### ABOUT THIS EXERCISE:
Copy each line below exactly and leave the pictures out.

### DATASET EXCERPT:
• • •
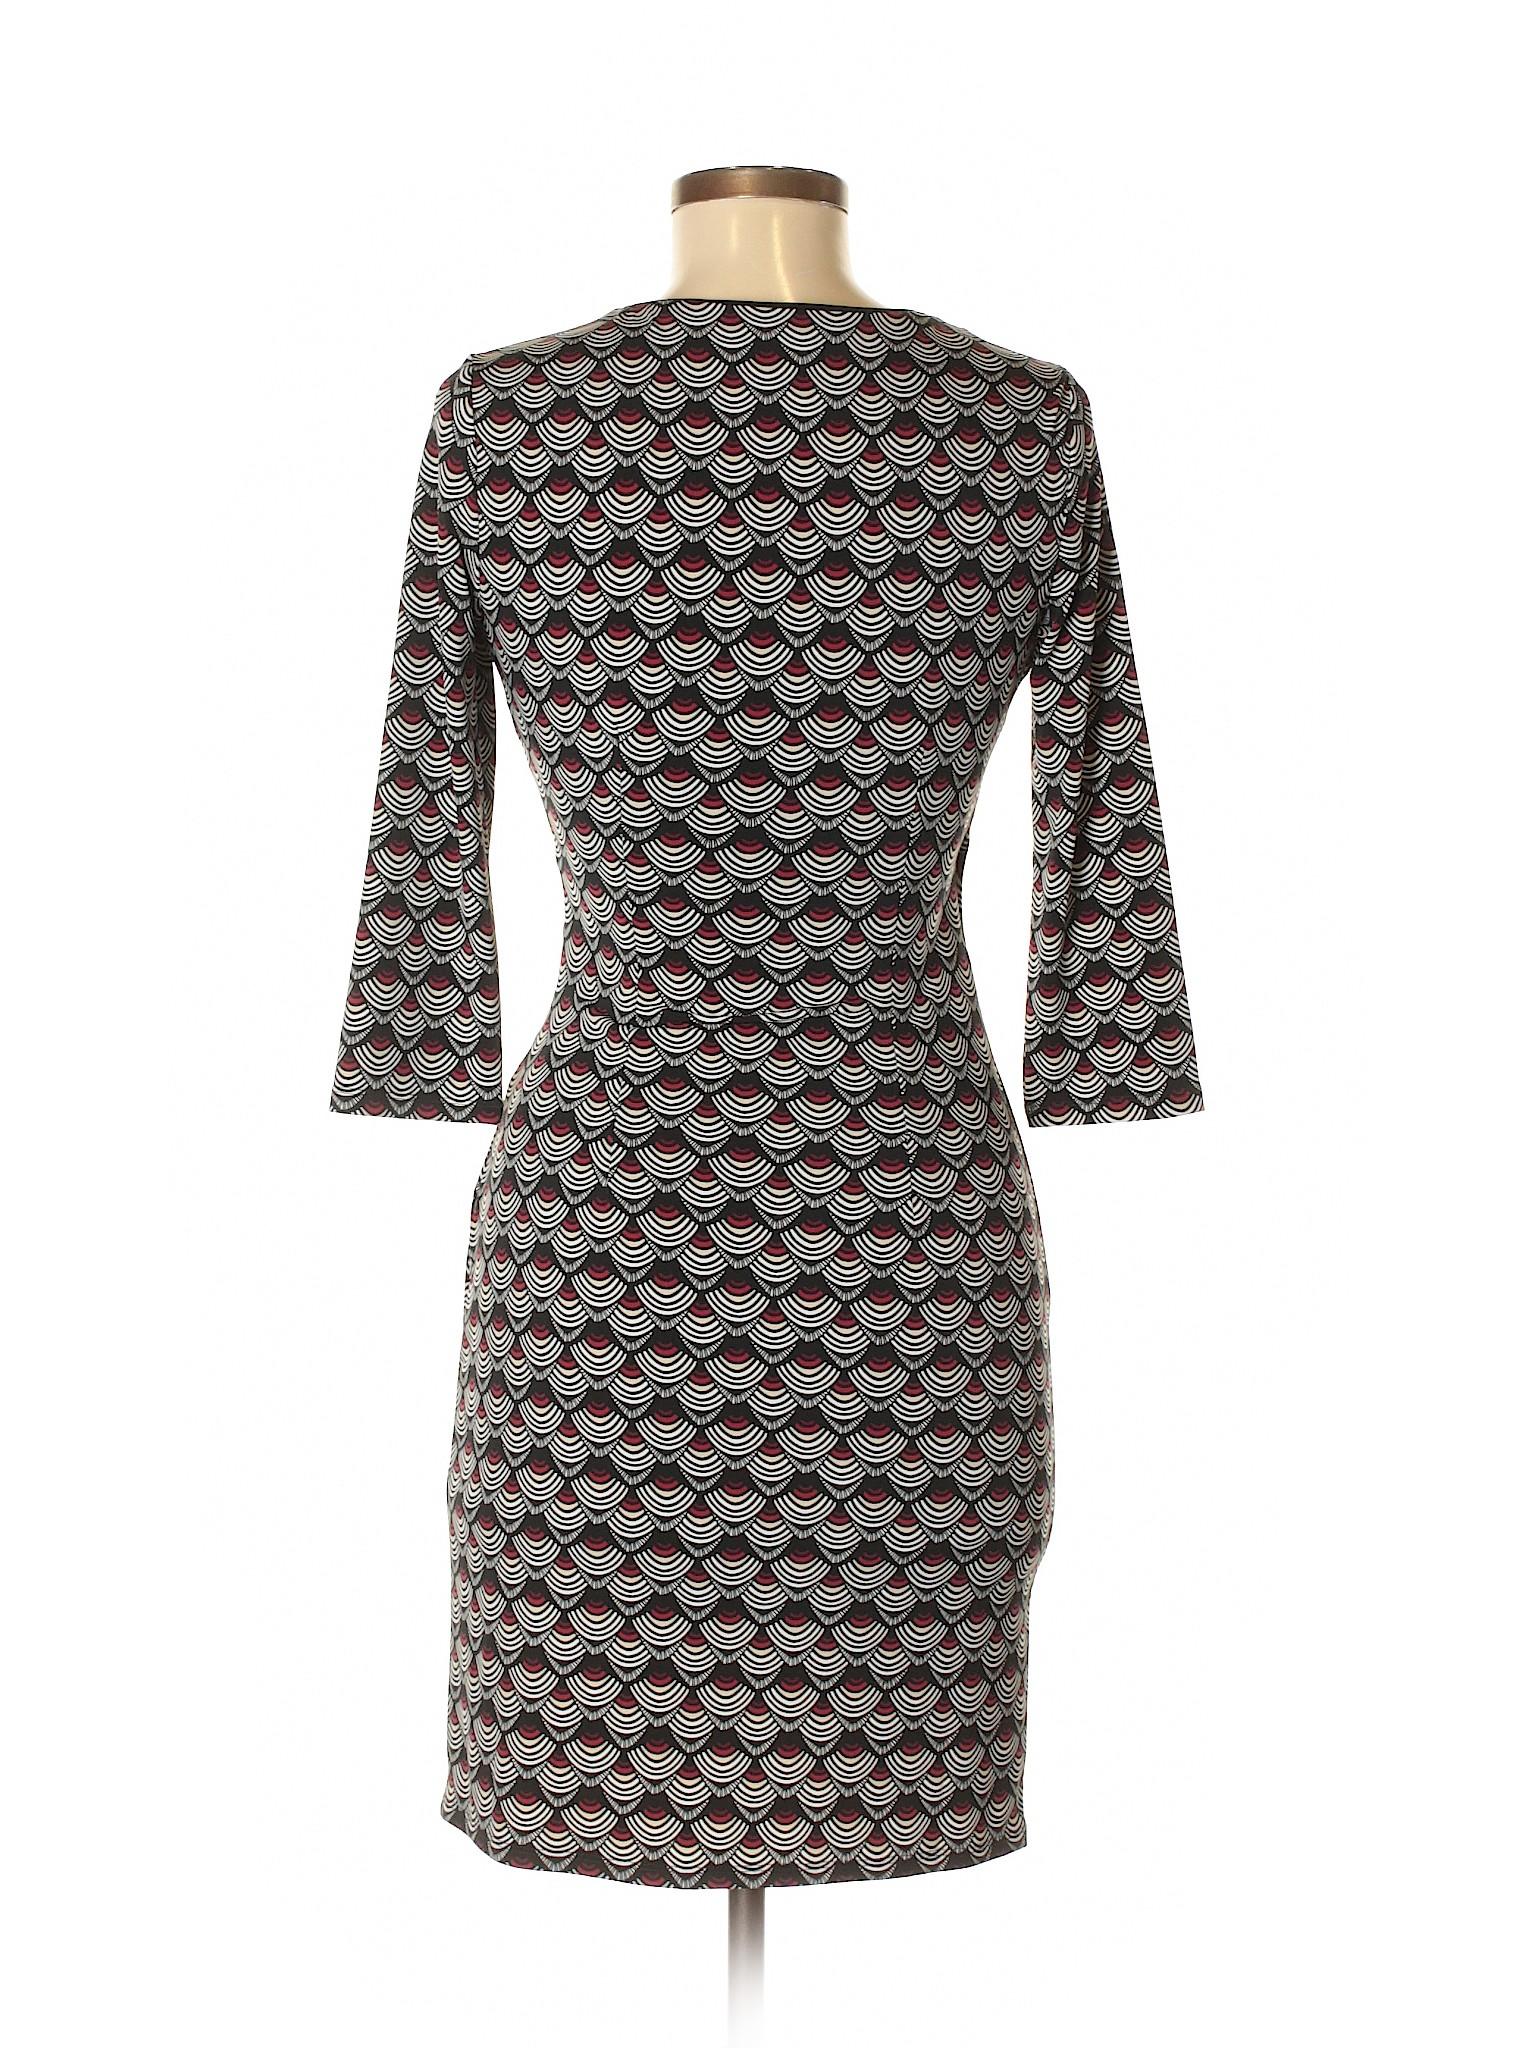 White Black Market Selling Casual House Dress pEqd00O7nx
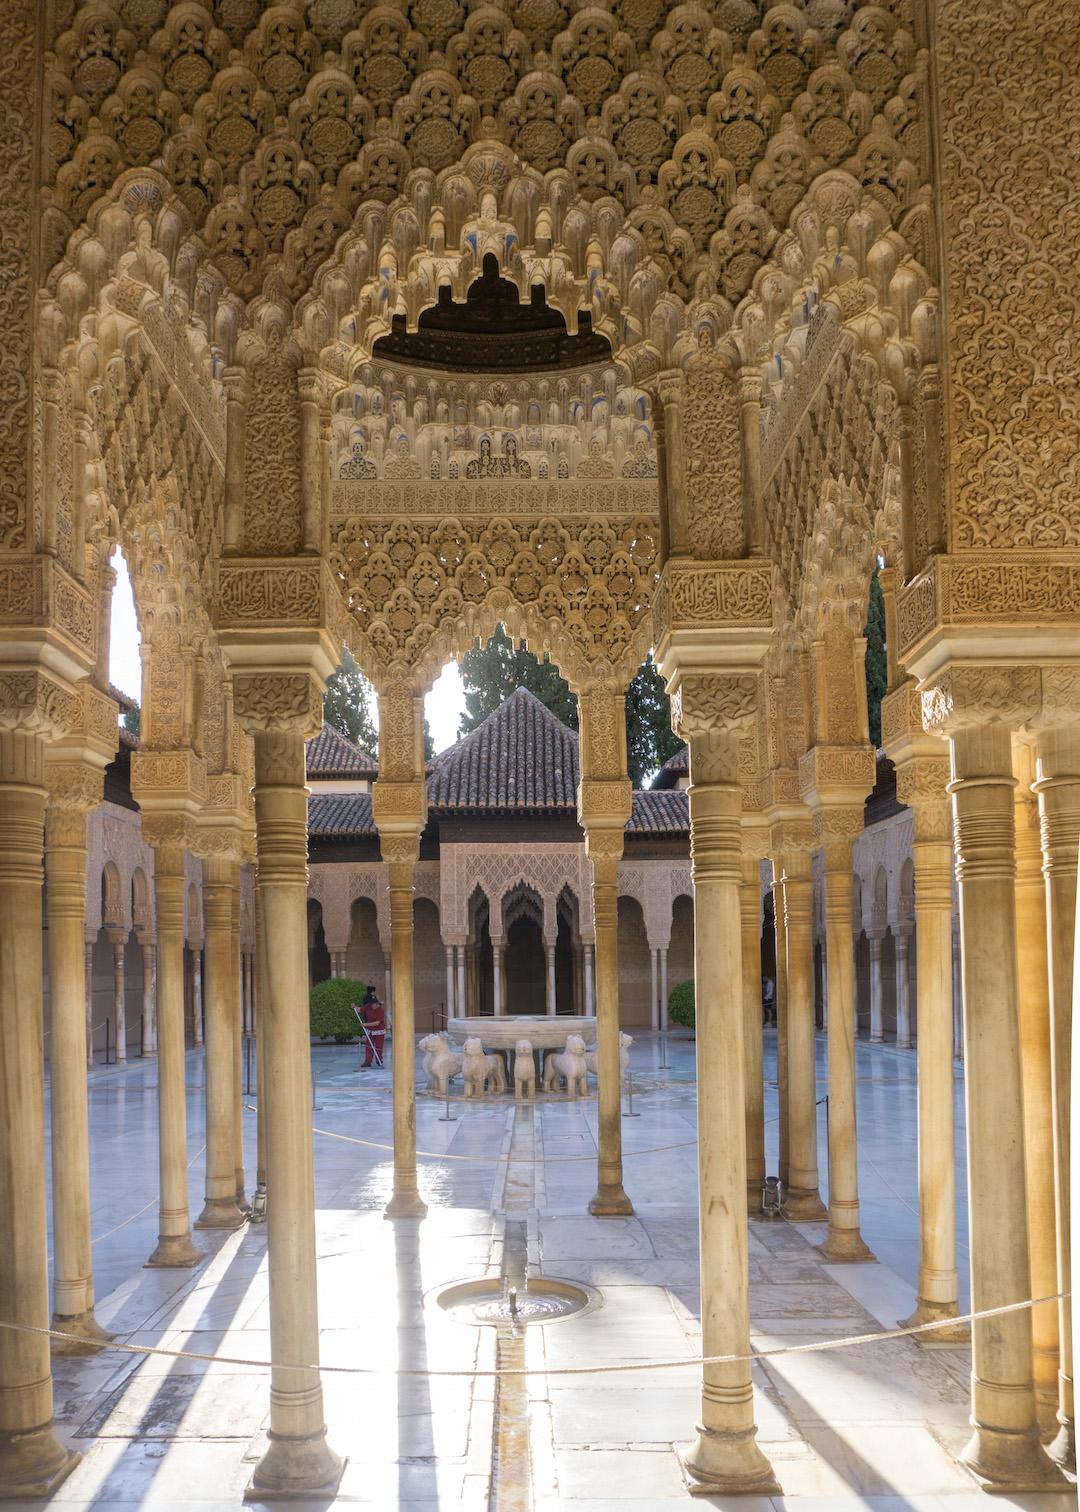 Her_Travel_Edit_Granada_Nasrid_Palace
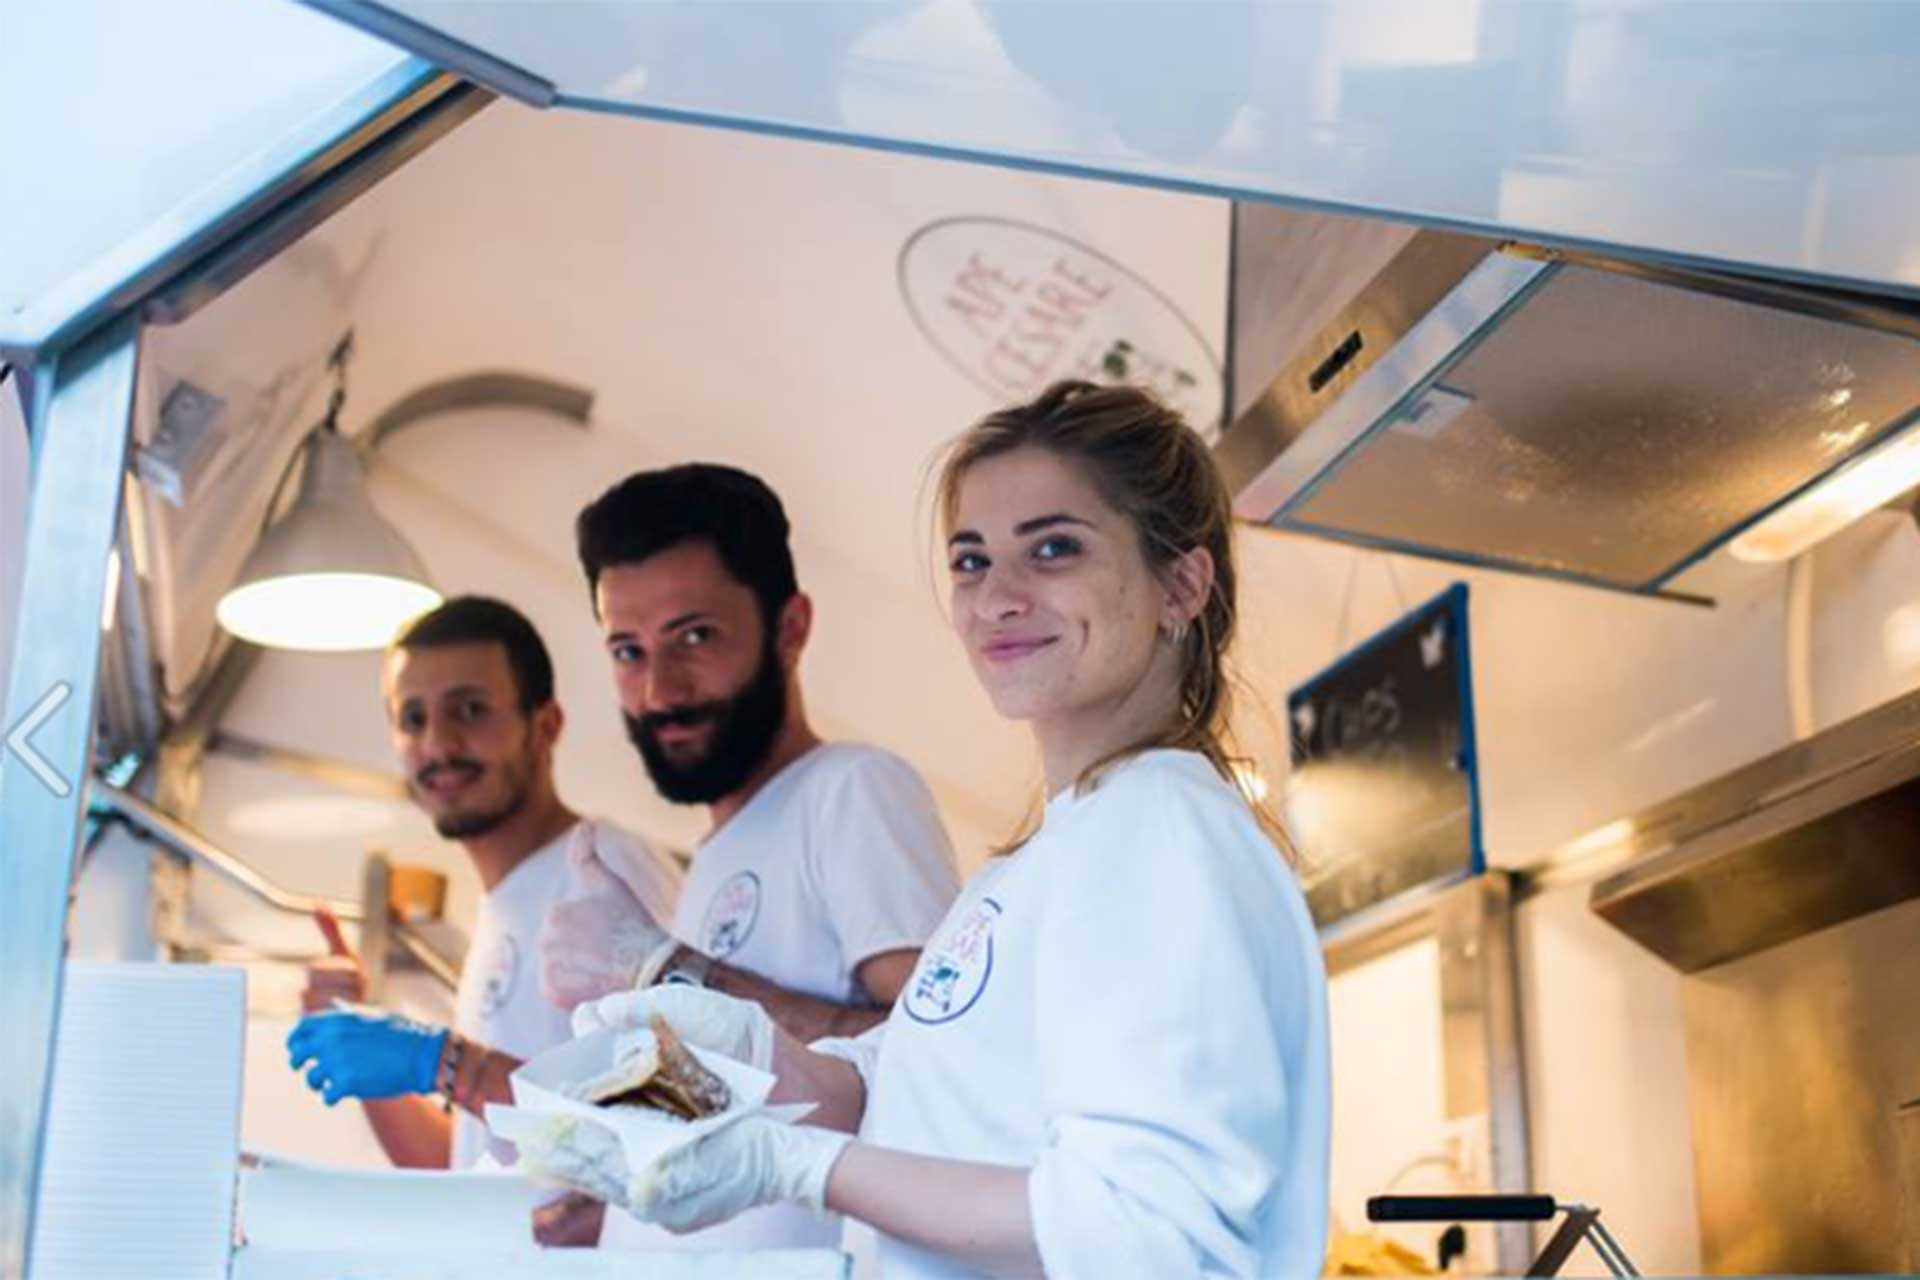 al lavoro sugli street food trucks
• • •
### TASK ANSWER:
 White Black Market Selling Casual House Dress pEqd00O7nx
 Her_Travel_Edit_Granada_Nasrid_Palace
 al lavoro sugli street food trucks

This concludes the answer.